● **TASK STATEMENT**: Under this line are the records; repeat exactly the lines starting at the one containing "Измены (1 сезон)" and ending at the one containing "Diseñador gráfico mediante", omitting pictures.

··· AVAILABLE DATA

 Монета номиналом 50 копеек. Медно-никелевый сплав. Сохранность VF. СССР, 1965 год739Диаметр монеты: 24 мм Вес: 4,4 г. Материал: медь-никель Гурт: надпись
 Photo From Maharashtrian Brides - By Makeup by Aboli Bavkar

······
··· AVAILABLE DATA

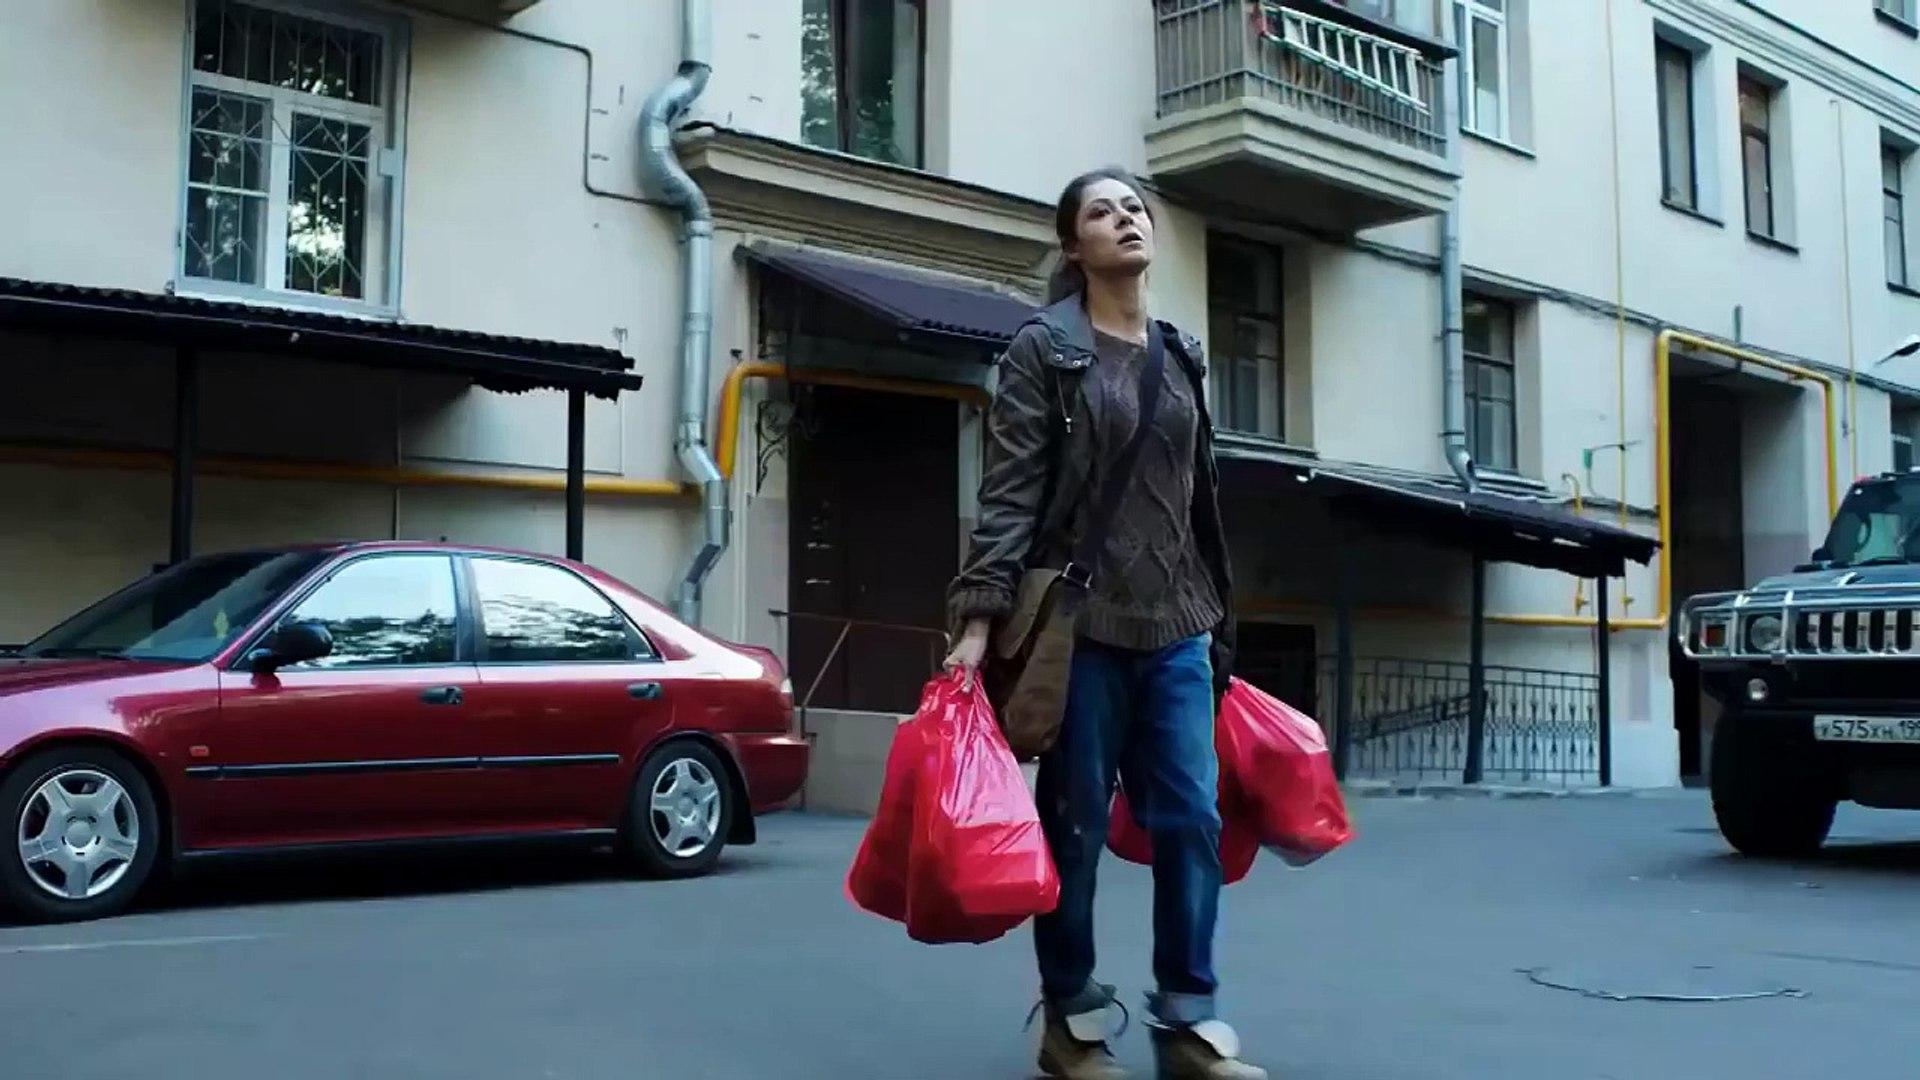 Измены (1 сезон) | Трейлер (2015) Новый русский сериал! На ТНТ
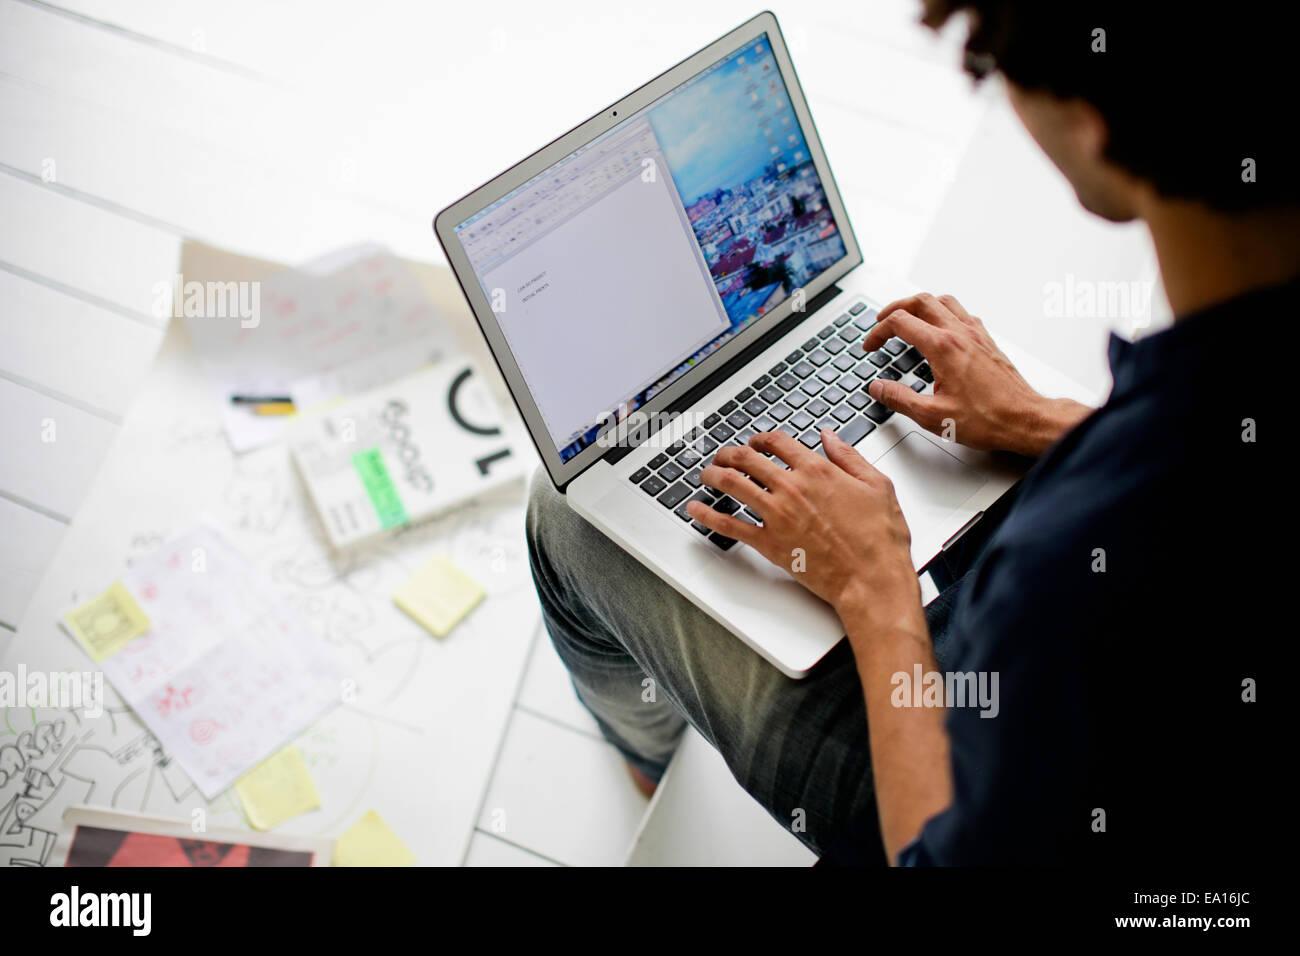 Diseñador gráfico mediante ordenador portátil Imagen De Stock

······

● **TASK RESULT**:
 Измены (1 сезон) | Трейлер (2015) Новый русский сериал! На ТНТ
 Diseñador gráfico mediante ordenador portátil Imagen De Stock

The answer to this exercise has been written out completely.